Grandfather & Grandmother Rocks, Ko Samui

Hin Ta and Hin Yai, some fascinating rock formations on Koh Samui’s south coast, have been a source of mirth and wonder on the island since they were discovered by the locals many years ago. Art often imitates Nature, but less common is Nature imitating Art, especially the Art of the Ribald. But in Thailand anything is possible and these rocks, known as Grandpa (Ta) and Grandma (Yai), look, respectively, like male and female genitalia.

Set on the rocky coastline between Lamai and Hua Thanon, Hin Ta and Hin Yai raise indulgent chuckles or embarrassed titters from those who go to see them. This unusual and titillating sight has, naturally, given rise to a legend explaining how the rocks came into being.

The Hin Ta/Hin Yai legend is a tale of tragedy tinged with hope, as described on a signboard near the rocks: “A folklore of Samui Island tells the story of an old couple by the name of Ta Kreng (Grandpa Kreng) and Yai Riem (Grandma Riem) who lived with their son in the southern province of Nakhon Si Thammarat. Since their son had come of age, they felt that it was time he got married.

“One day they decided to sail to the neighbouring province of Prachuap Khiri Khan to ask for the hand of the daughter of a man named Ta Monglai. During their sea journey, their boat was seized by a storm. The old man and his wife were unable to swim ashore. They died at sea, turning into rocks as proof to the would-be bride's parents of their true intentions. The rocks stand there to this day.”

The views from the rocks and vicinity are spectacular, stretching across the sea to nearby islands.

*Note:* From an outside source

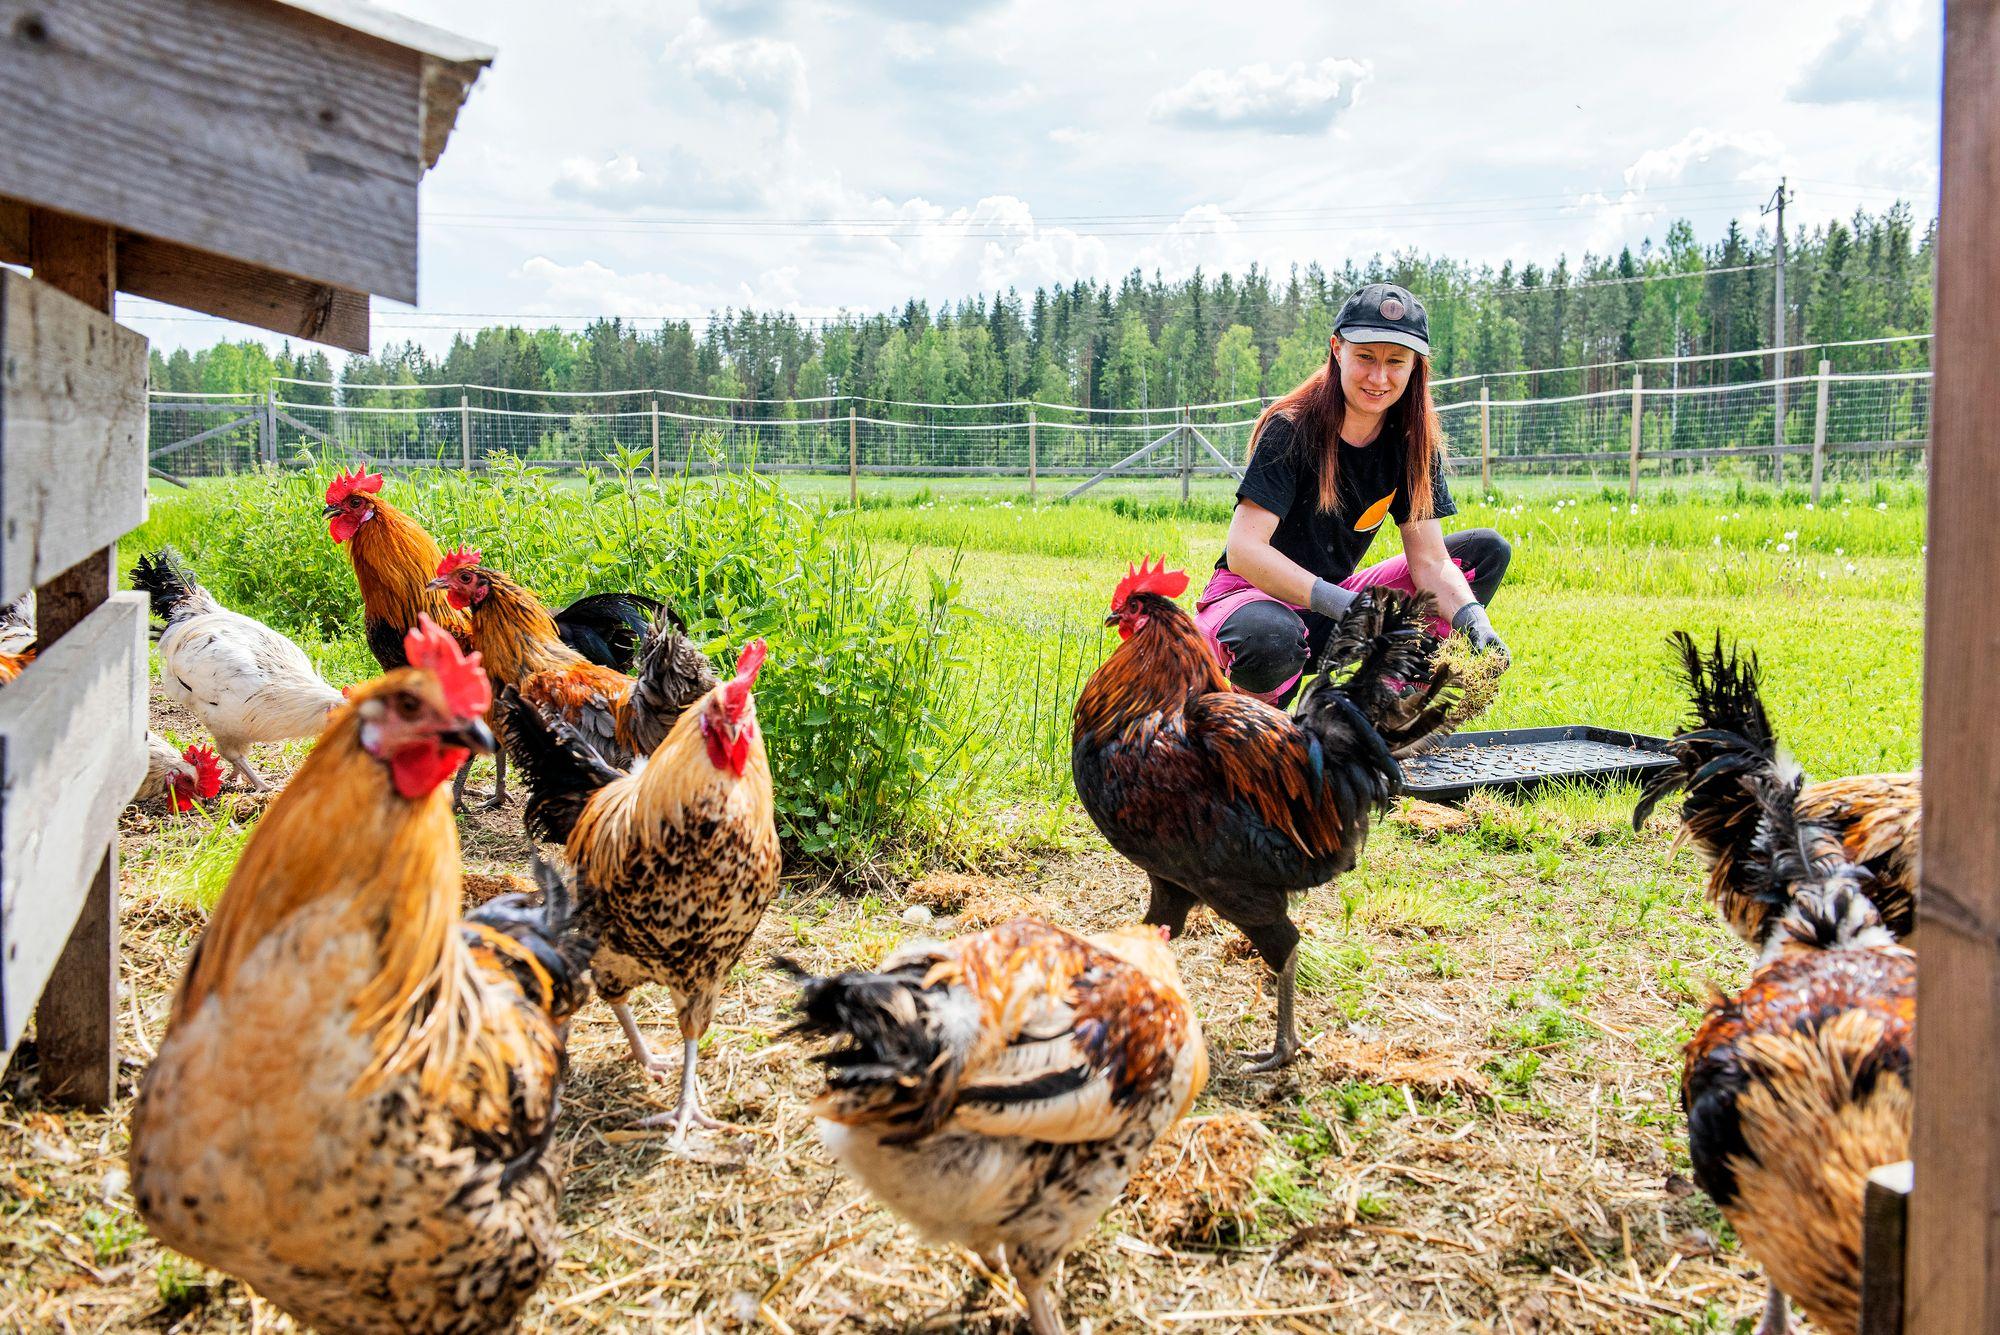 Maatiaiskanoja on Suomessa ehkä 4500. Tehotuotantokoneiksi jalostettuja ulkomaisia munakanoja on neljä miljoonaa, broilereita kymmeniä miljoonia. © Vesa Tyni

Close to Hin Ta and Hin Yai is a small white-sand beach that is not suitable for swimming but offers a refreshing place to cool your feet after a day of island exploration. The pristine waters here are so clear that colourful marine life can often be seen from the surface.

Hin Ta and Hin Yai are found near the traditional Muslim fishing village Hua Thanon and in the surrounding area there’s a lush landscape of plantations and buffalo fields, offering a brief glimpse of how life might have been on Samui before the rise of tourism.

Those who forget to bring their camera may easily find a variety of postcard pictures of the rocks and other Samui sights in the vendor stalls set up here to cater to the steady stream of curious visitors. Many souvenirs plus drinks and snacks are for sale, including the must-try Thai sweet called ‘galamae’.